Enzyme-assisted photolithography for spatial functionalization of hydrogels

The ability to form functional polymeric patterning structures has important implications for the studies of cell biology, tissue engineering, and medical diagnostics. We have developed a novel enzyme-assisted photolithography (EAPL) method for spatial functionalization of hydrogels via a high throughput fashion. A bisacrylated peptide crosslinker, containing a protease cleavable amino acid sequence and caged by a photolabile moiety, is used during hydrogel polymerization. A facile two-step process is employed, including UV exposure to decage the peptide crosslinker at a desired area and protease development to specifically digest gels at UV treated regions only. Importantly, proteolysis of the peptide bonds generates free nucleophilic amine groups at the patterned area that can be further functionalized. Using this strategy and caspase-3 as the enzyme developer, we demonstrate the simultaneous generation of topographical and functional patterns into poly(ethylene glycol) (PEG) hydrogels. We show that 20 mm-wide line arrays functionalized with arginine-glycine-aspartic acid (RGD)-containing peptides can be used to generate cell patterns with individual cell resolution.

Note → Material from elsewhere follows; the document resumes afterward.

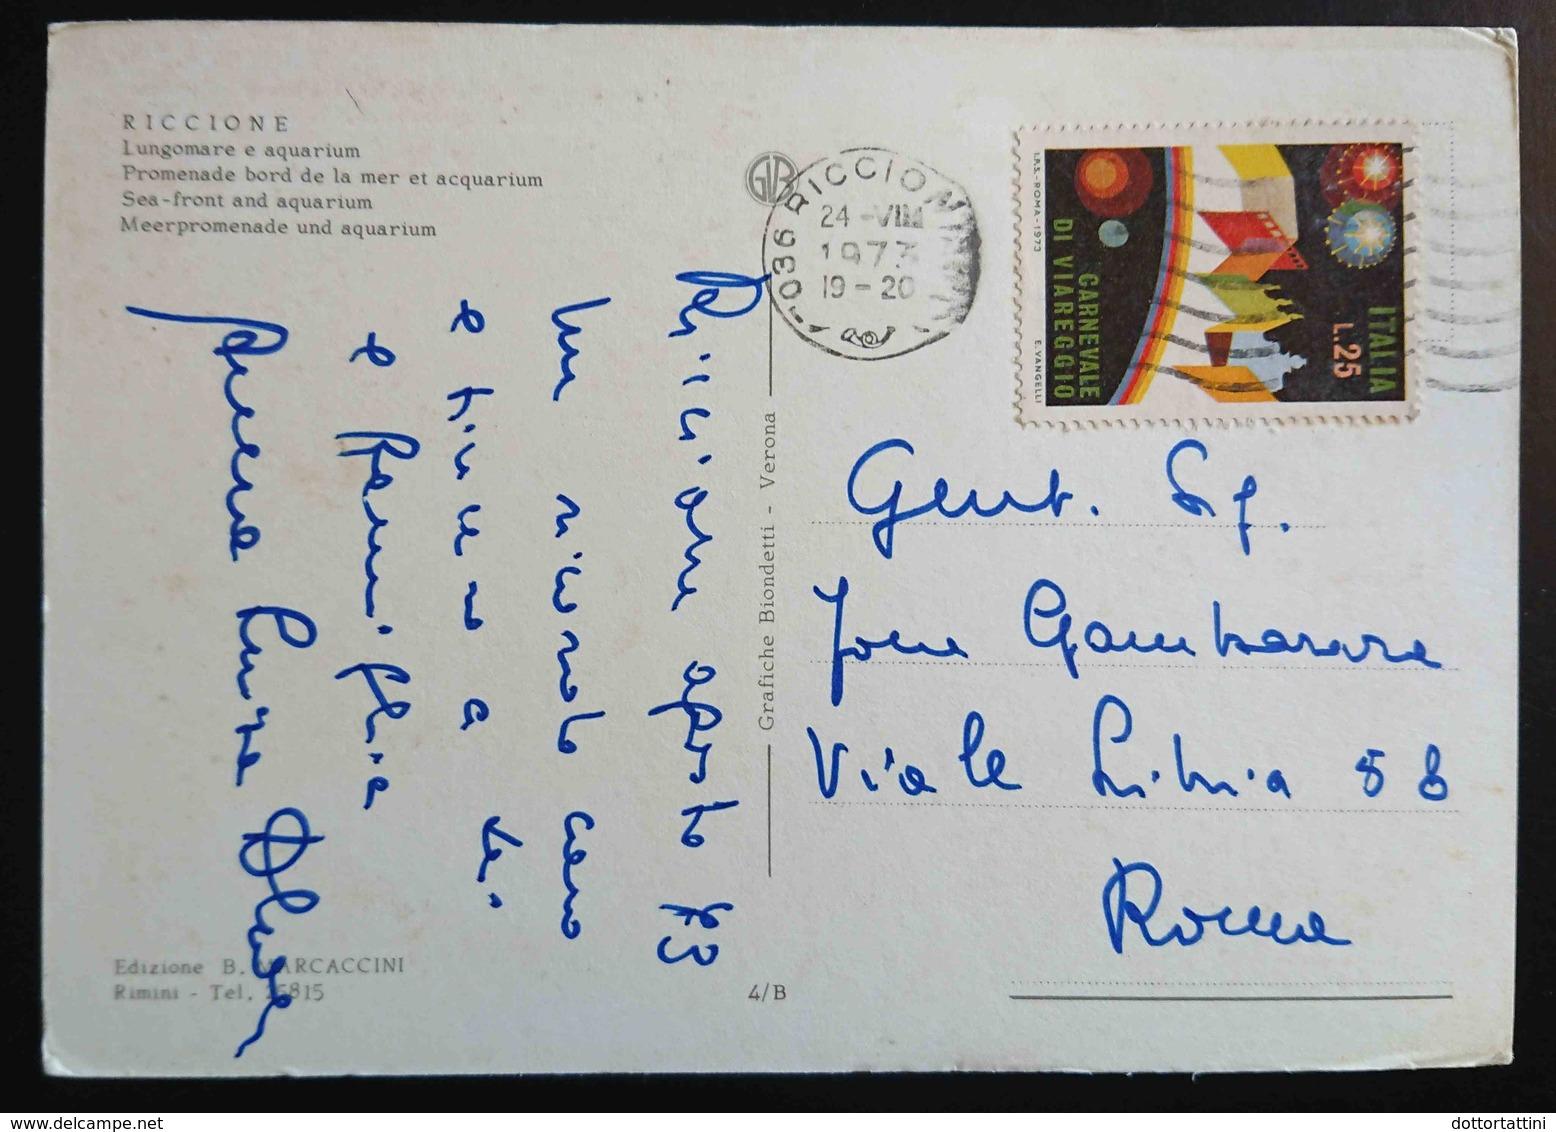 RICCIONE - Lungomare E Acquarium  - Vg Nice Stamp R2 - Rimini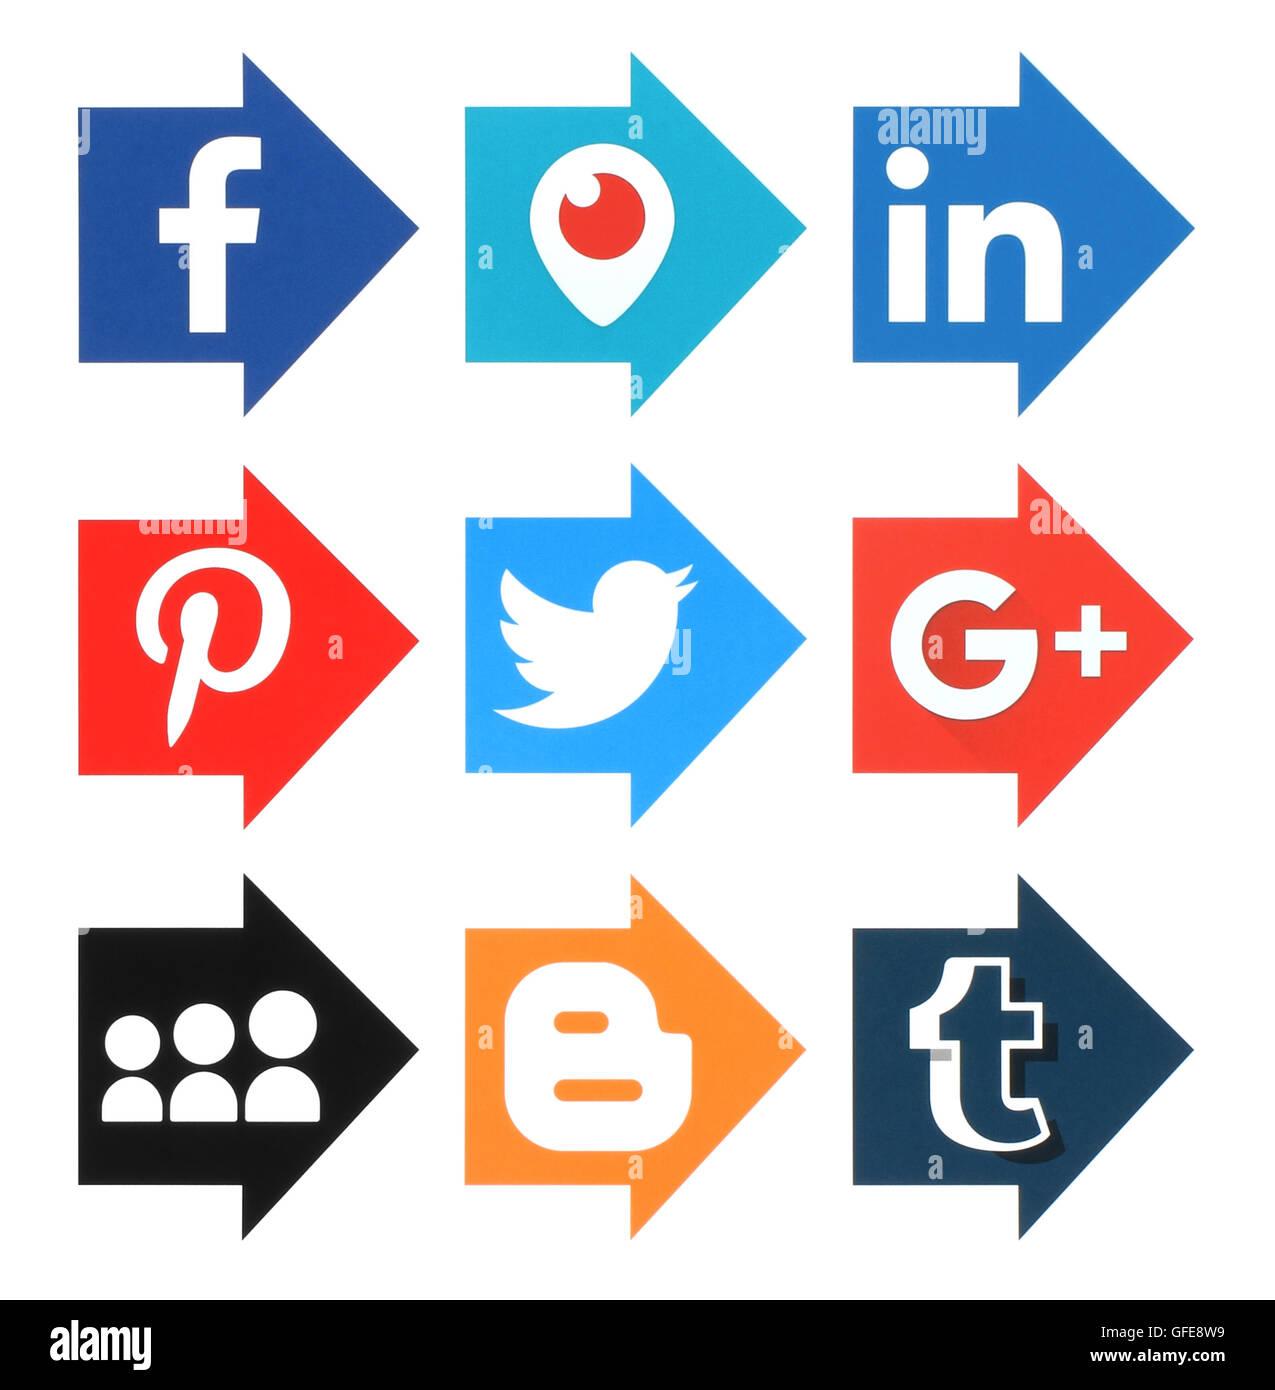 Kiev, Ukraine - April 19, 2016: Collection of popular arrow shape social media logos printed on paper:Facebook, - Stock Image

We also fabricated arrays 20 mm diameter cavities decorated with B lymphocyte specific anti-CD19, which was used to achieve a 600-fold enrichment of B-cells from a 0.1% starting B-cell mixture. The simple fabrication process, straightforward chemistry and an all-aqueous based biocompatible and environmentally friendly approach render EAPL a versatile platform to construct biologically responsive 2D patterns or 3D scaffolds for lab-on-a-chip systems and tissue engineering.